GTP-Bindungsprotein-Alpha-Untereinheiten sind Proteine, die durch Bindung und Hydrolyse von GTP ihre Aktivität regulieren und eine wichtige Rolle in intrazellulären Signaltransduktionswegen spielen, wie beispielsweise in der Regulation des Zytoskeletts oder der Freisetzung von Hormonen und Neurotransmittern.
Peptidfragmente sind kurze Abfolgen von Aminosäuren, die durch enzymatische Spaltung aus größeren Proteinen oder Polypeptiden gewonnen werden und für verschiedene biochemische Untersuchungen und Anwendungen, wie beispielsweise in der Diagnostik oder als Arzneistoffe, von Bedeutung sind.

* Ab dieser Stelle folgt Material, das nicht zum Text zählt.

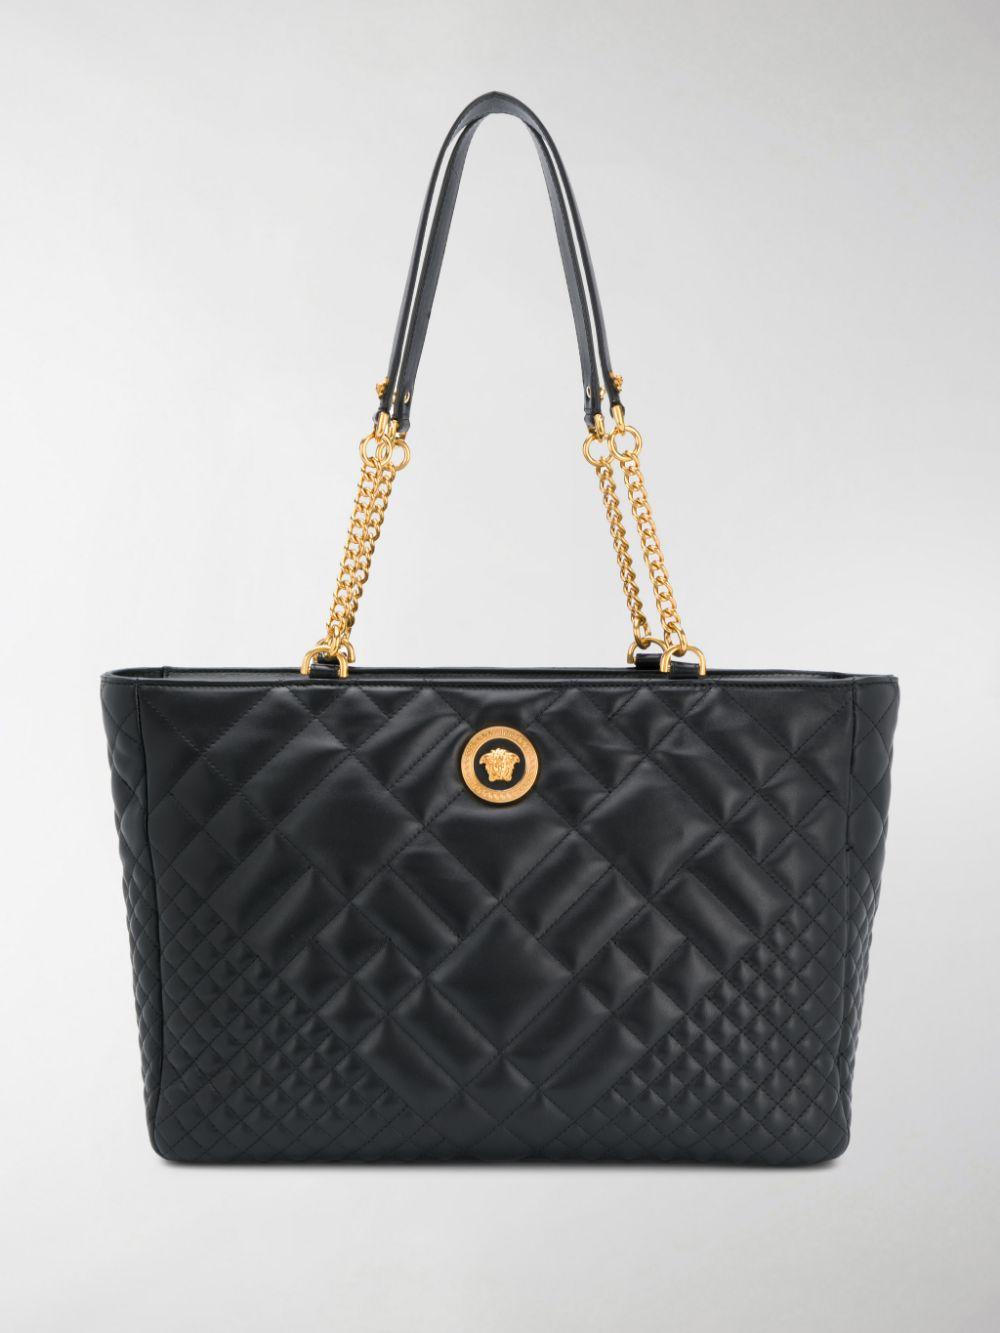 Versace Medusa Quilted Tote Bag in Black | Lyst

'Protein Transport' in a medical context refers to the process by which proteins are actively or passively moved across cell membranes, either from the extracellular space into the cytosol or between organelles within the cell, ensuring proper protein localization and functionality in various biological processes.
'Protein Multimerization' ist ein Prozess, bei dem mehrere Proteineinheiten durch nichtkovalente Wechselwirkungen wie Ionenbindungen, Wasserstoffbrücken oder Van-der-Waals-Kräfte zusammenkommen, um komplexe Quartärstrukturen zu bilden, die für die Funktionalität von Proteinen in lebenden Organismen essentiell sind.
Antibakterielle Mittel sind Medikamente oder Substanzen, die Bakterien abtöten oder ihr Wachstum hemmen, um Infektionen zu behandeln oder zu verhindern. Es ist wichtig zu beachten, dass antibakterielle Mittel unwirksam gegen Viren sind, die ebenfalls Krankheiten verursachen können.
Multienzymkomplexe sind Proteinkomplexe, die mehr als ein Enzym enthalten und catalytisch benachbarte Schritte einer Stoffwechselkette beschleunigen, indem sie Substrate direkt von einem Enzym zum nächsten übertragen. Ein Beispiel ist der Pyruvatdehydrogenase-Komplex im Citratzyklus.